One way to tell if rising prices are hurting your brand’s appeal is to look at how your brand is being discussed online. Negative comments about luxury brands increased on online platforms late this summer, coinciding with controversy over the industry’s supply chain, according to an analysis by social media data firm Brandwatch.
A Christian Dior handbag that costs about $2,800 to buy can be assembled for just $58, an Italian study found. However, consumers quickly changed their behavior and the negative chatter subsided.
However, the online conversation, especially regarding price, remains very negative. According to Brand Watch, based on an analysis of the prevailing mood of social media posts in luxury brand price discussions from January to October this year, the main emotions in over 60% of posts were anger, disgust, sadness. It was.
Indeed, luxury brands may be charging higher prices to cope with rising business strains. For the past 20 years, they have grown sales by “democratizing” access to luxury goods. By expanding into cheaper categories such as cosmetics, sunglasses and small handbags, the company has purposefully drawn in millions of new middle-class consumers.
By targeting this broad group of shoppers, the industry’s global sales have more than tripled since 2000, creating some of the greatest wealth in Europe. Bernard Arnault, the founder of LVMH, is currently the third richest person in the world. At one time his company was Europe’s most valuable stock, but it was dethroned last year by Ozempic drugmaker Novo Nordisk.
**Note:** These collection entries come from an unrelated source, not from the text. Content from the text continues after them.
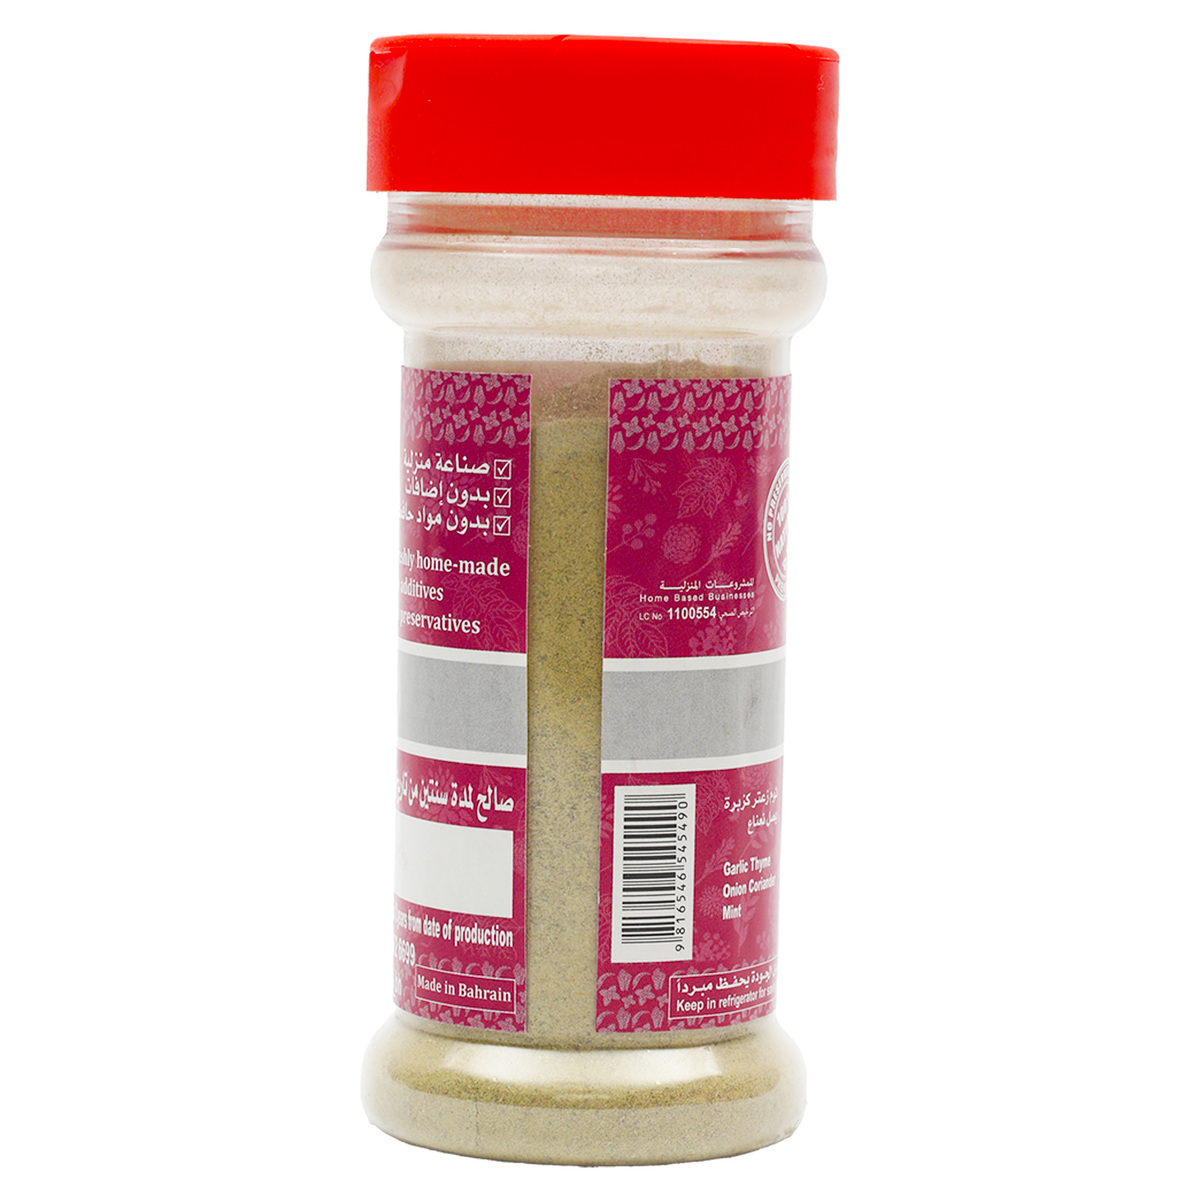 Al Matooq Pasta Spices 60 g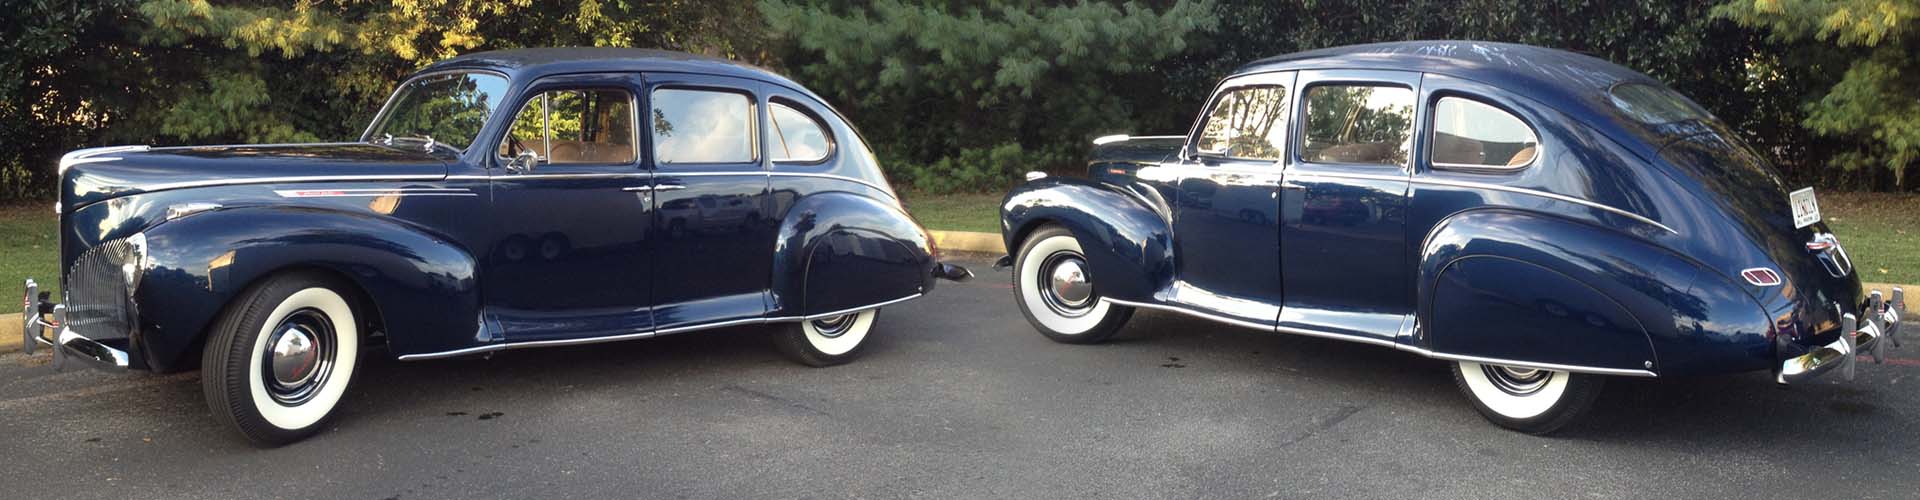 Classic Car Wedding Transportation 1940 Lincoln Zephyr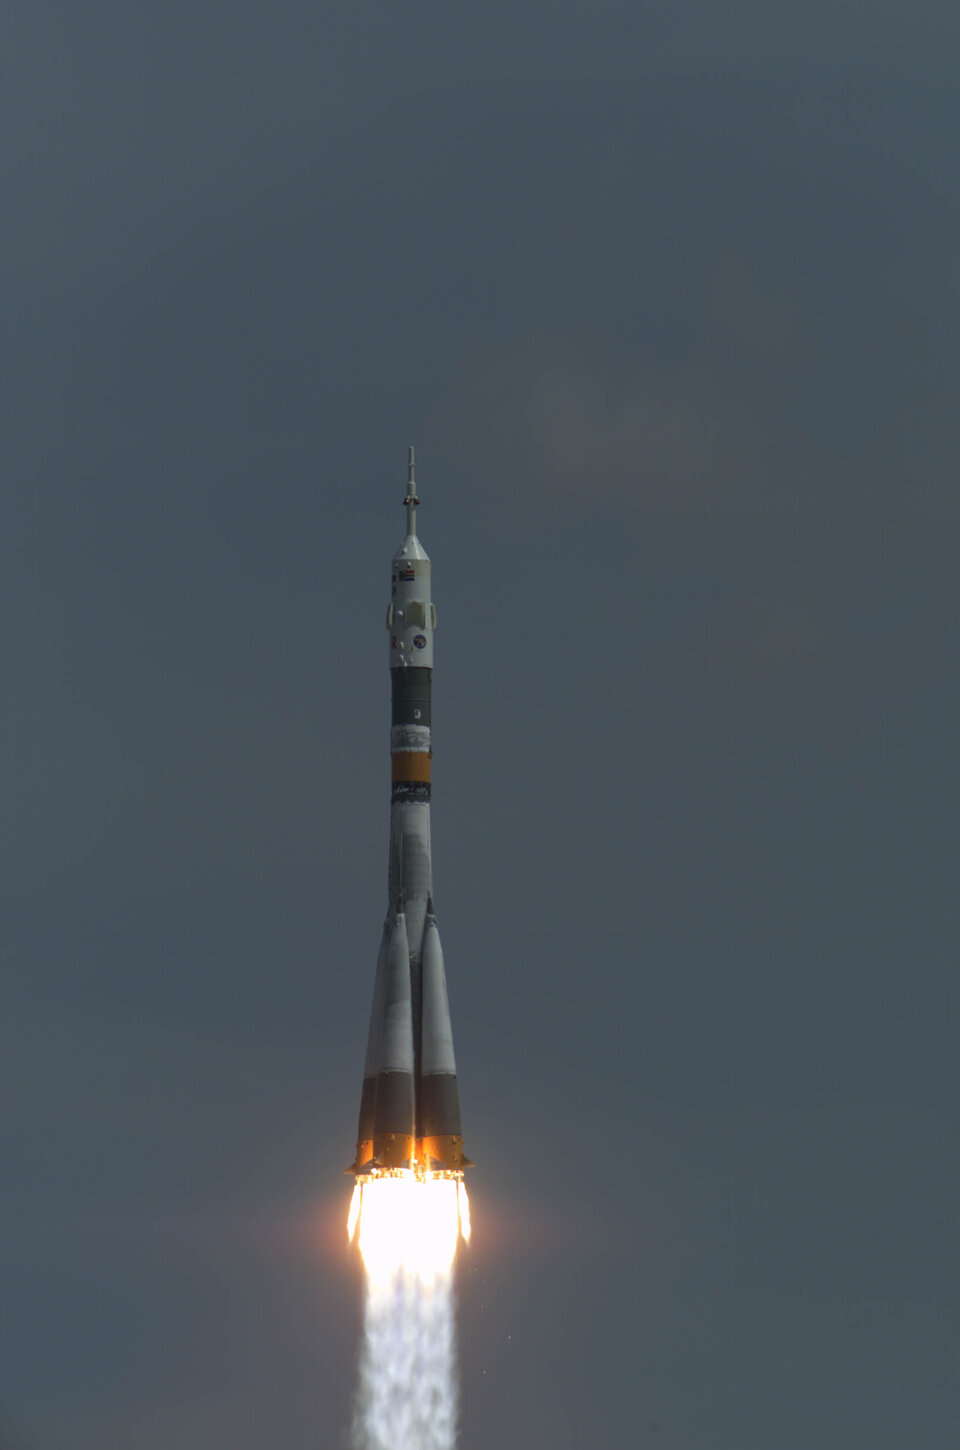 De lancering van de Russische sojoez-raket voor de Marco Polo missie

But social media has made it difficult for luxury brands to maintain exclusivity. “Social media makes it easy to see what other people are wearing, but it can be difficult if some of what you’re selling is rare,” says University of Pennsylvania says Jonah Berger, marketing professor at . “It can feel like things are becoming less scarce, and smart companies are trying to think of ways to manage this.” One way to lower the risk of overexposure is to buy products at much higher prices. The goal is to reduce the number of items sold.
The problem is that the shift to brand democratization has made brands heavily reliant on comfortable, if not wealthy, consumers for huge revenues. More than half of the luxury goods industry’s sales come from shoppers who spend less than $3,000 a year on designer products. If you alienate them by raising prices, sales will inevitably decline.
If the true art of selling luxury goods is making shoppers feel privileged to pay thousands of dollars for items that cost far more than their functional value, some brands are losing that feeling.